Riesige Boxer im Film und in der Wirklichkeit

Man kennt es als Aufschrift von Boxringen her. Es ist der Name eines Herstellers von jenen Handschuhen, mit denen kräftige Burschen und längst auch Frauen sportlich aufeinander einprügeln. Irgendwo müssen sie ja hin mit ihrer Kraft. Wir dachten an einen fast drei Meter langen Russen, der viele Gegner, aber nicht alle schlagkräftig das Fürchten lehrte. Wir dachten auch an „Rocky“-Darsteller Sylvester Stallone und an den Schauspieler Dolph Lundgren, der in einer der Fortsetzungen des Boxerfilms mitboxte. Und wir dachten daran, dass es Menschen gibt, die „Rocky“ für einen der besten Filme aller Zeiten halten, obwohl eigentlich kein Film mit und nach einem Drehbuch von Sylvester Stallone diese Ehrbezeugung verdienen kann.

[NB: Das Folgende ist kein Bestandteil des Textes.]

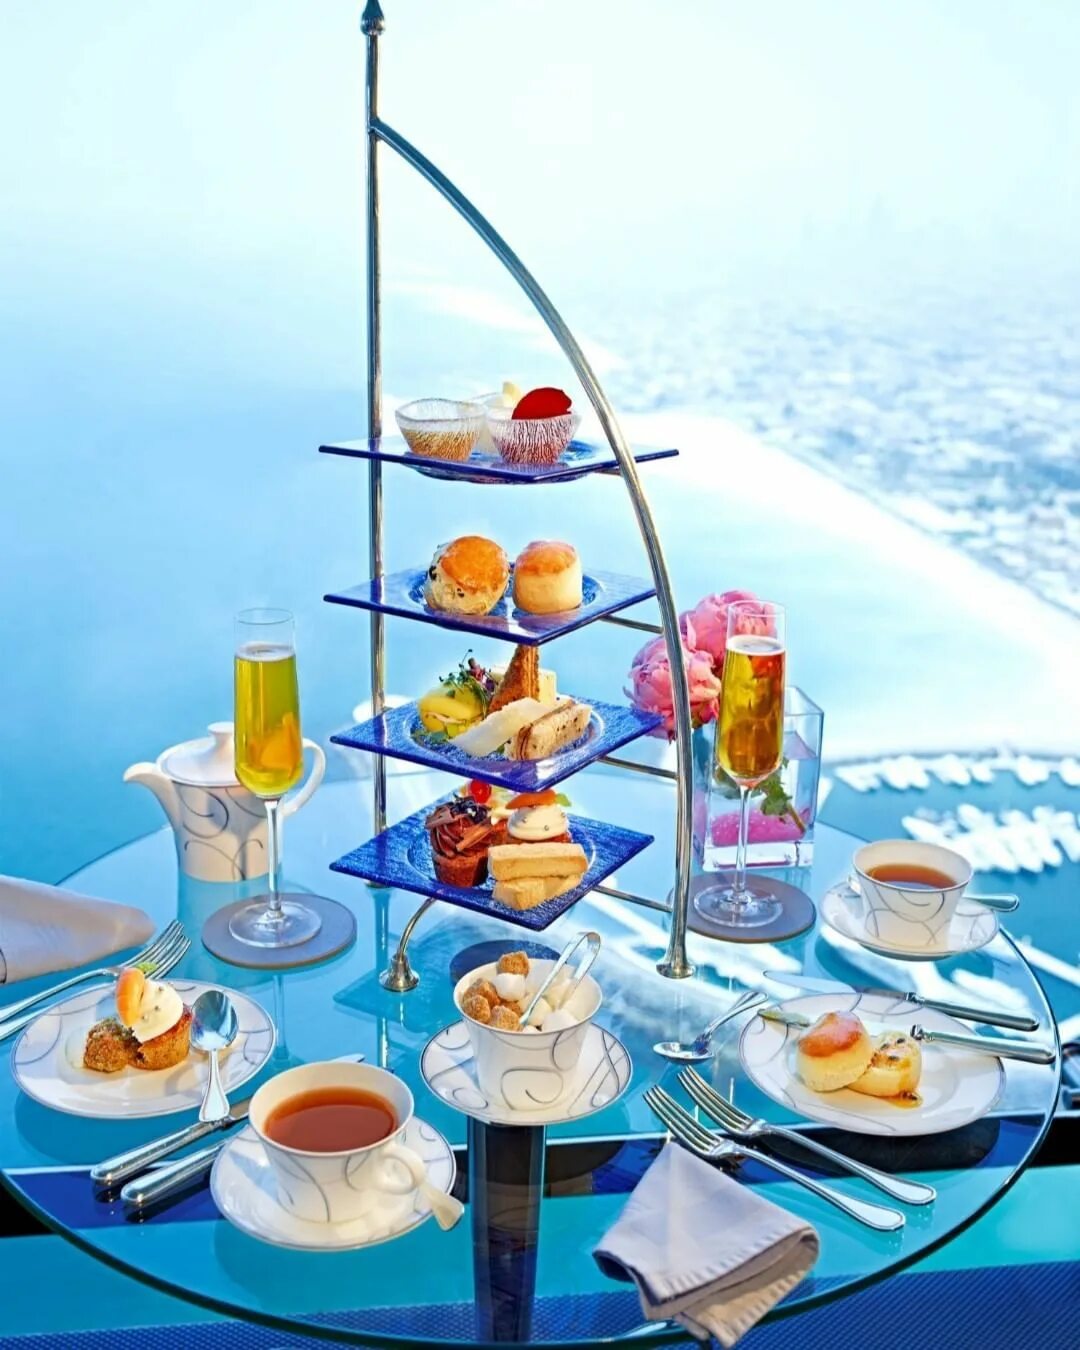 Дубай Бурдж Аль араб ресторан. Завтрак в Эмиратах. Завтрак в отеле. Завтрак в дубае
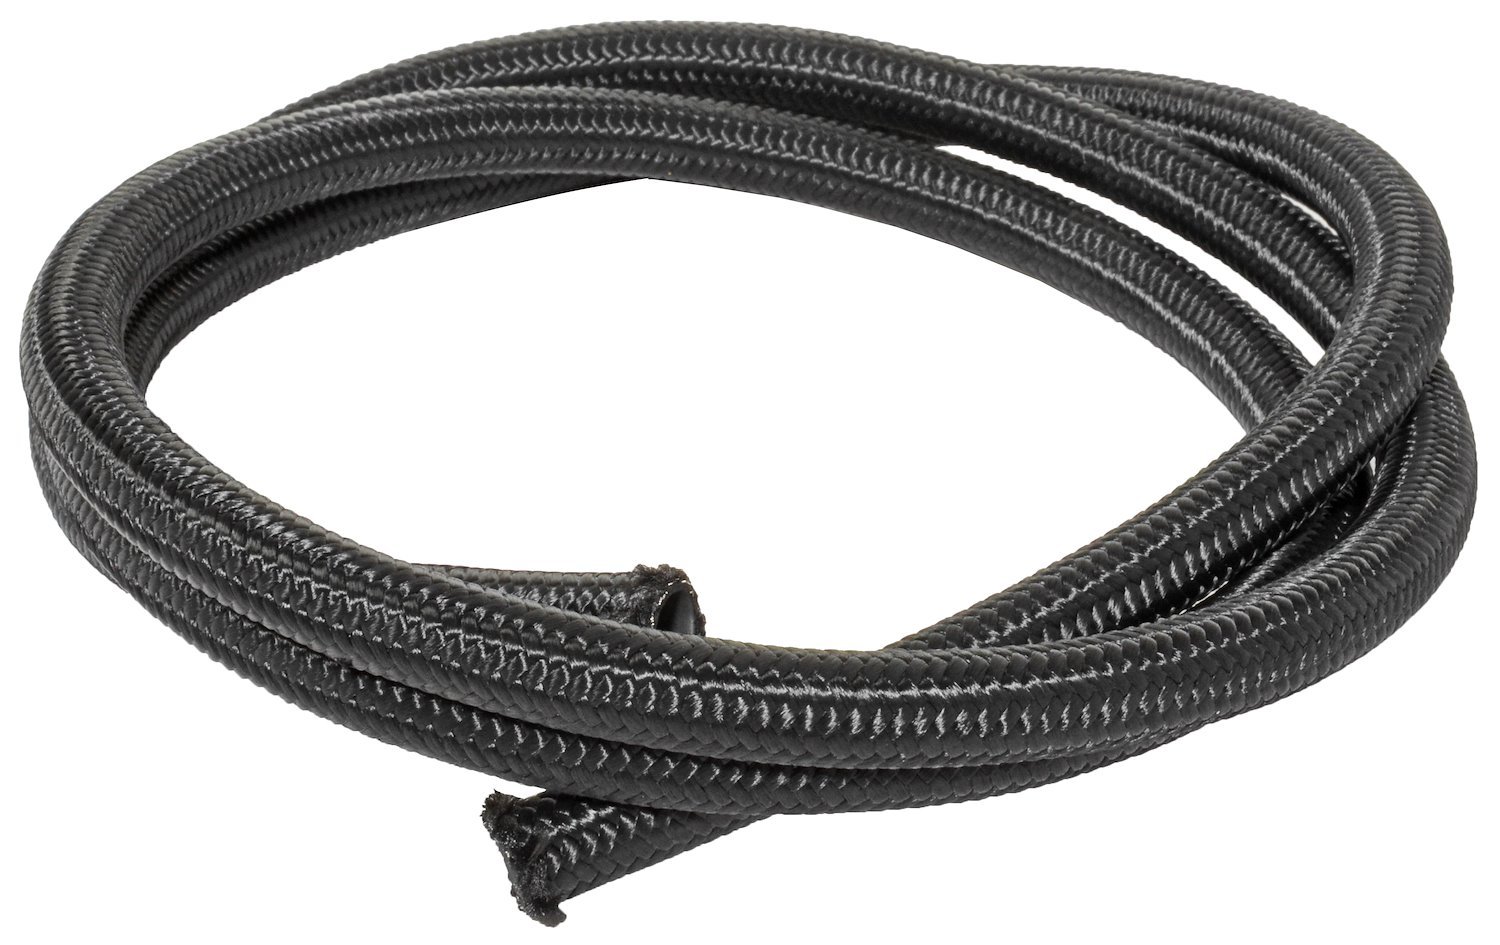 Pro-Flo 350 Black Nylon Braided Hose [-8 AN, 20 ft]

Wir halten die Wertschätzung für verblüffend, nicht fantastisch. Spannend ist der Film, wenn es in den Ring geht, schon. Und manche denken jetzt womöglich an spannende Momente, die sie beim Schauen tatsächlicher oder filmischer Kämpfe erlebten. Verblüffend, fantastisch ist, je nach Perspektive, vieles. Aber näher betrachtet ist manches, was so wirkt, recht banal. Wenn das mitgebrachte Brot nicht von einem Ort zum Tausch von Lebensmitteln stammte, wäre übrigens insgesamt mehr Geld zu entrichten gewesen.

Redaktion Kulturredakteur, zuständig für Literatur, Kunst und Film.